### PROBLEM REQUIREMENTS
Return all the lines below exactly. Any picture among them is omitted.

### SOURCE DATA
****************************************

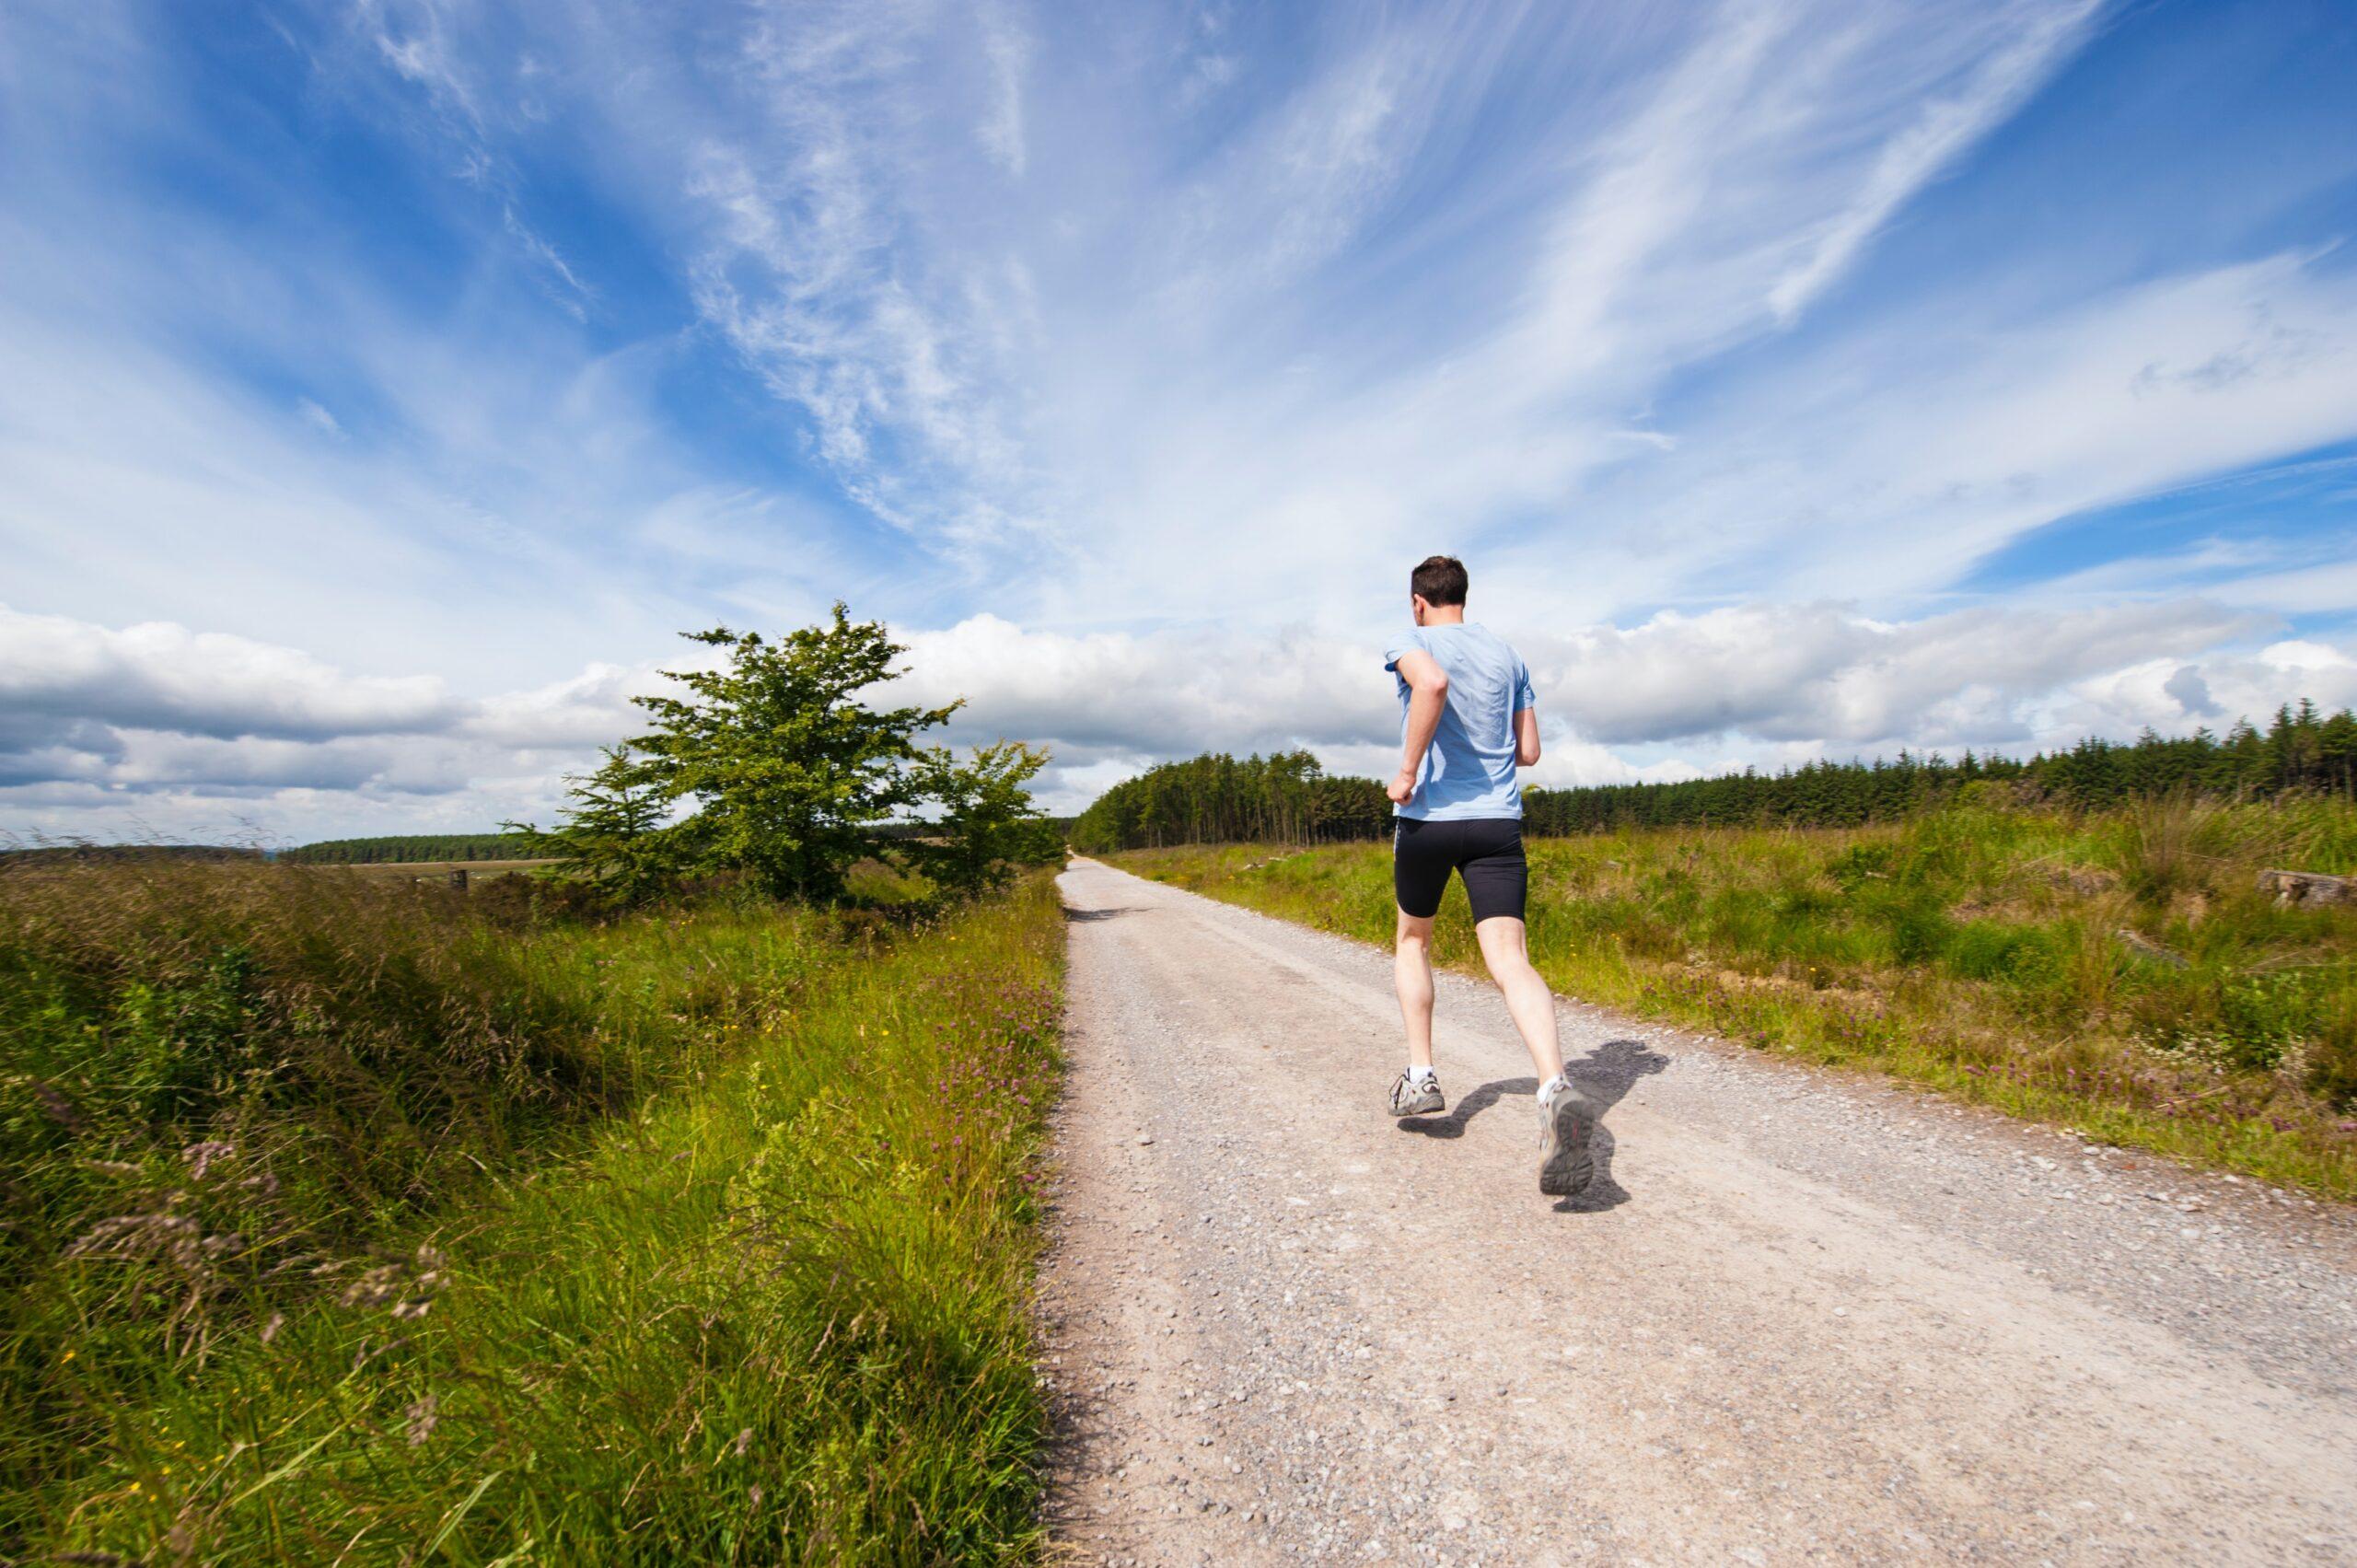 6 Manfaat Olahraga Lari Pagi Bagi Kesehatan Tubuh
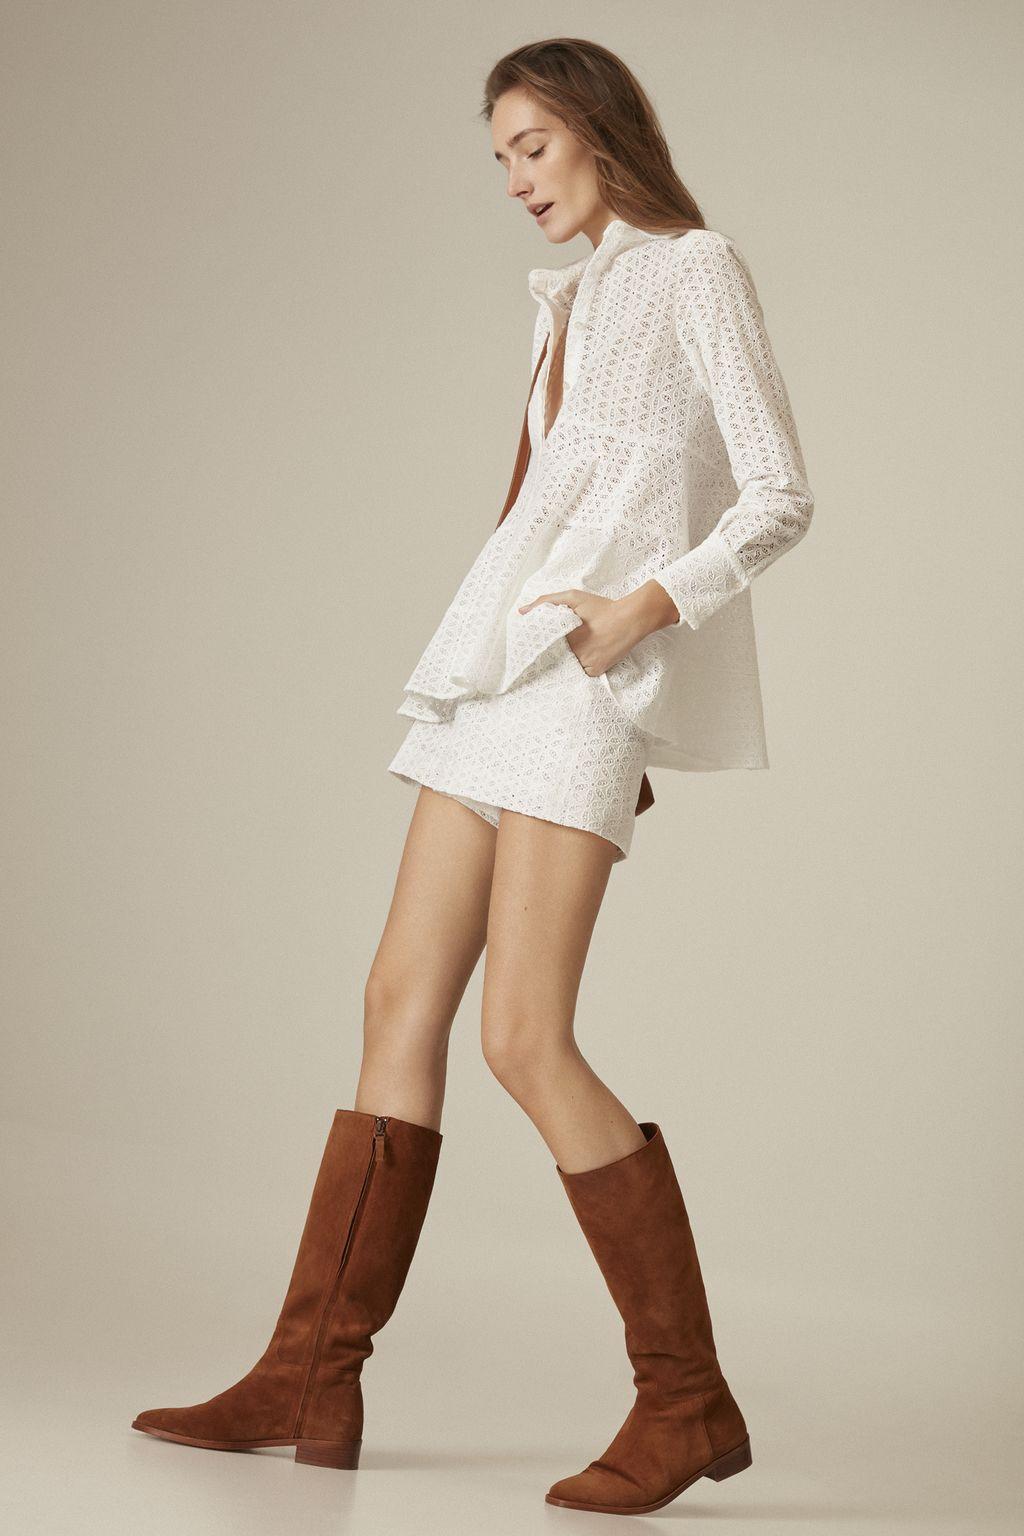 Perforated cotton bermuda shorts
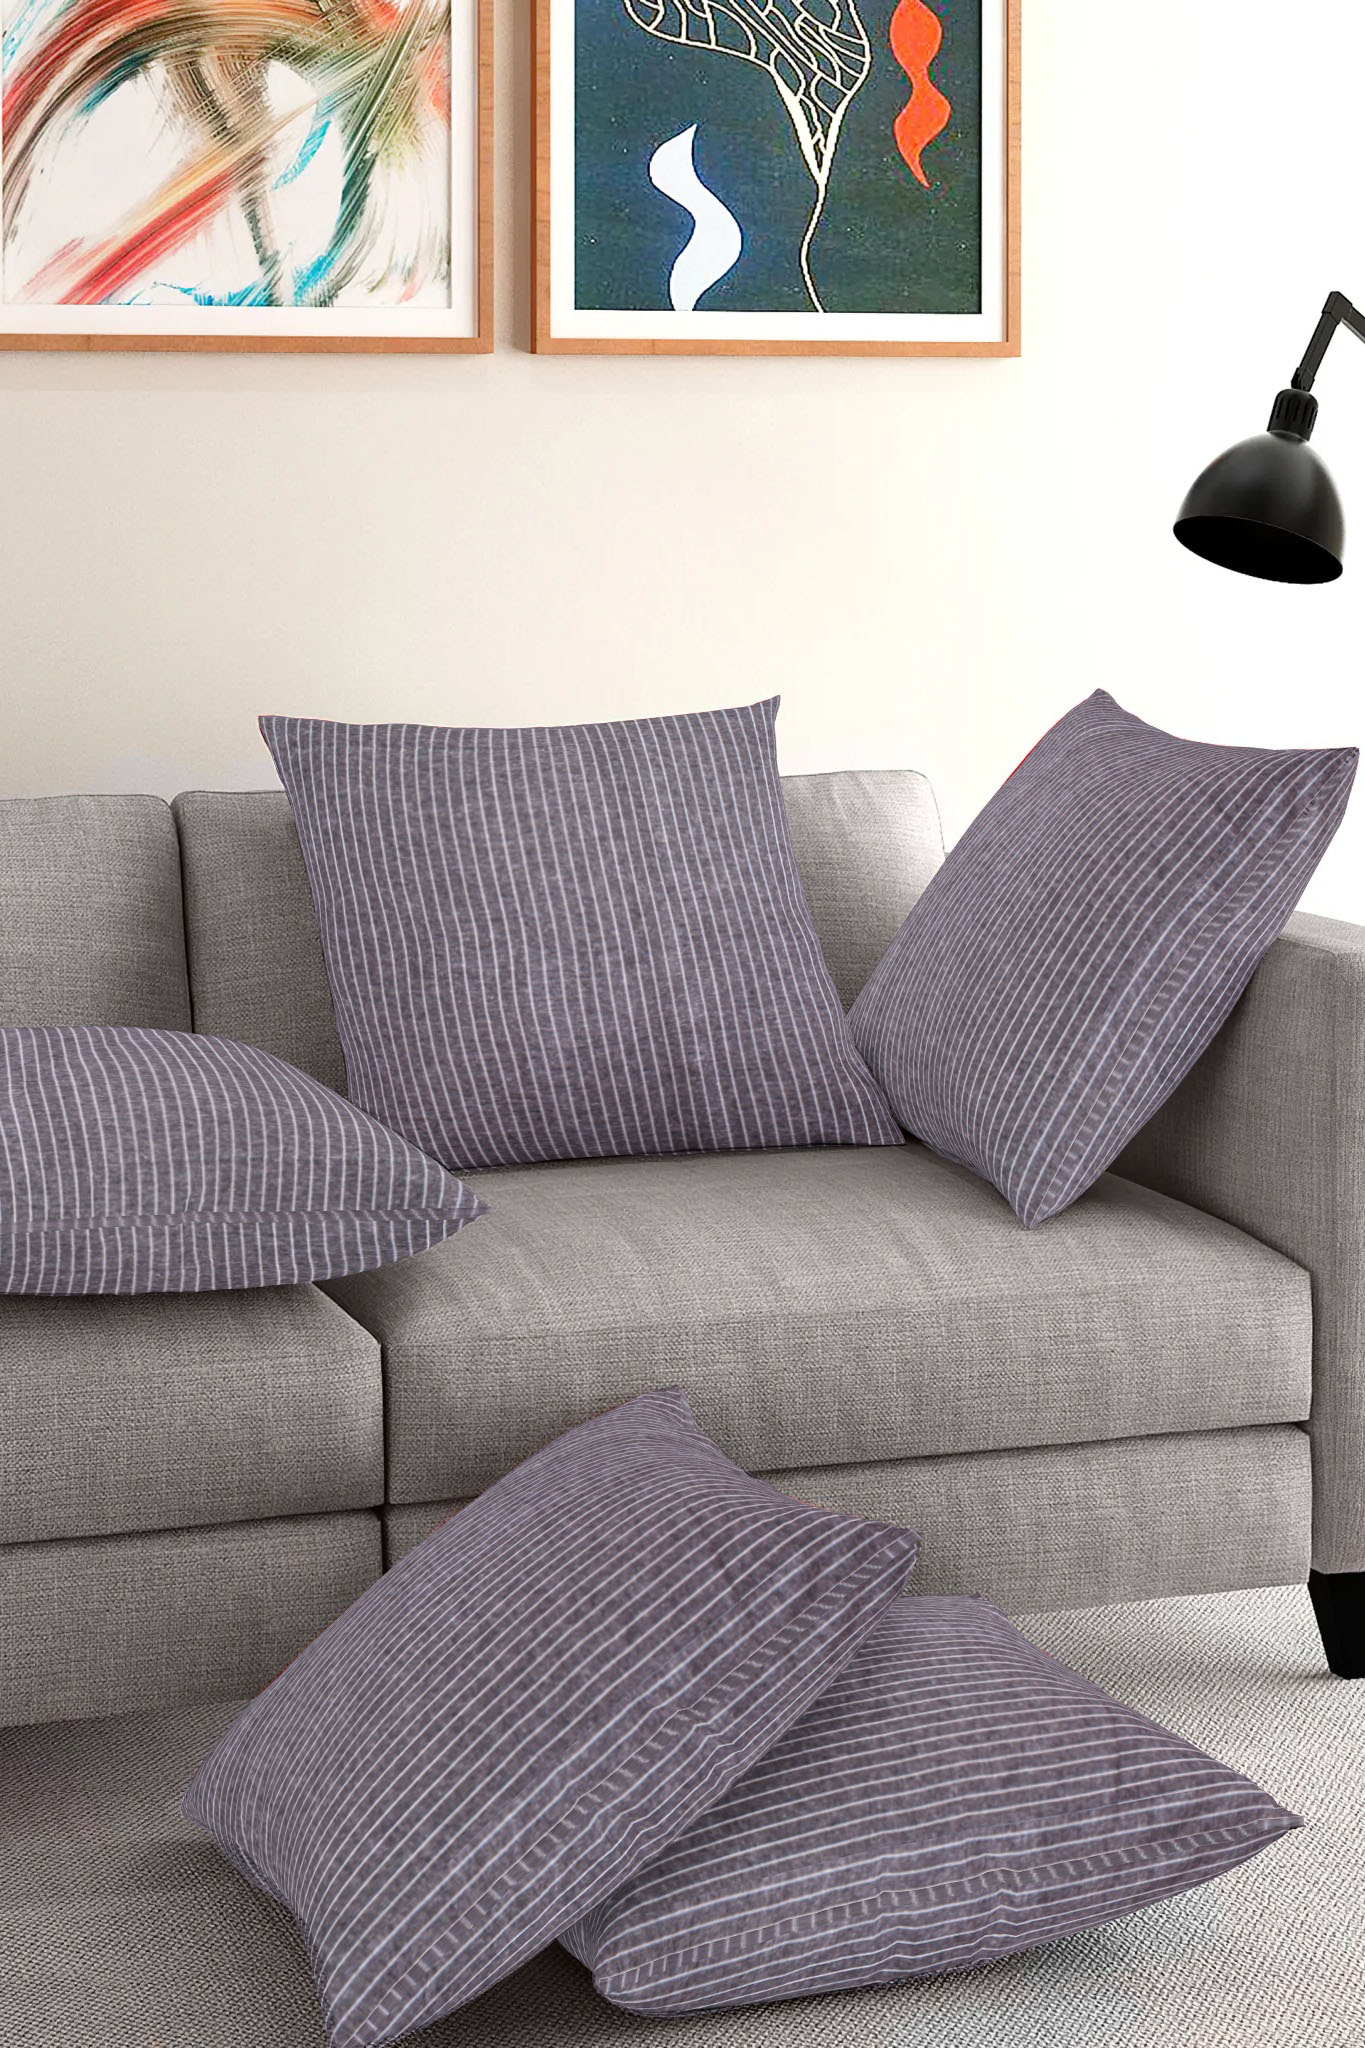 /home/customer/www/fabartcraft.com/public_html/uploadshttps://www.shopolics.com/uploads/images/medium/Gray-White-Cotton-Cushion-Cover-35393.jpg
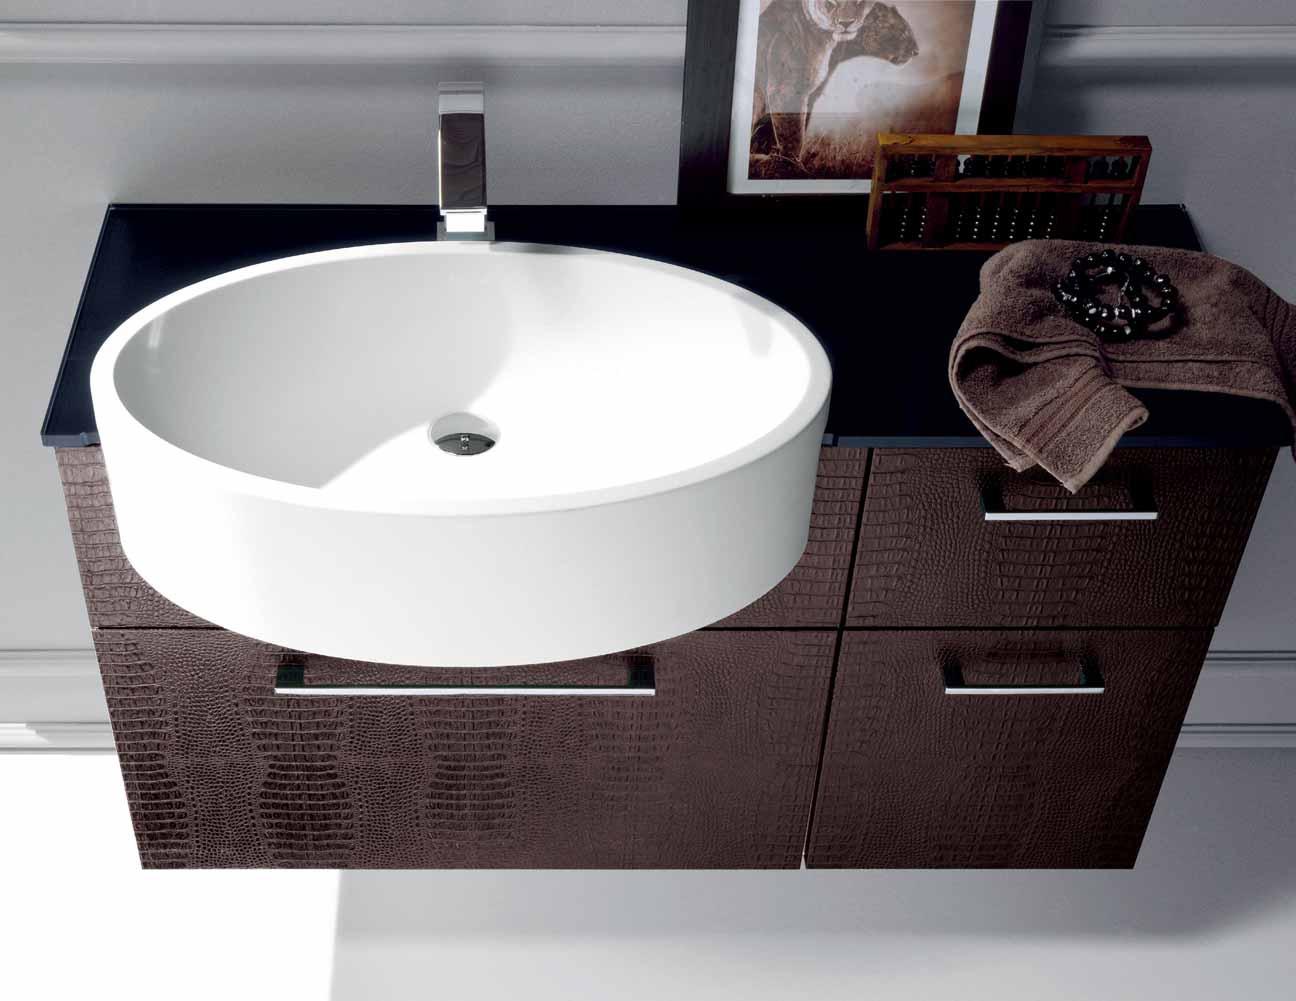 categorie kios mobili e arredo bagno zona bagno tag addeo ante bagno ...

****************************************

### RESULT
 6 Manfaat Olahraga Lari Pagi Bagi Kesehatan Tubuh
 Perforated cotton bermuda shorts
 /home/customer/www/fabartcraft.com/public_html/uploadshttps://www.shopolics.com/uploads/images/medium/Gray-White-Cotton-Cushion-Cover-35393.jpg
 categorie kios mobili e arredo bagno zona bagno tag addeo ante bagno ...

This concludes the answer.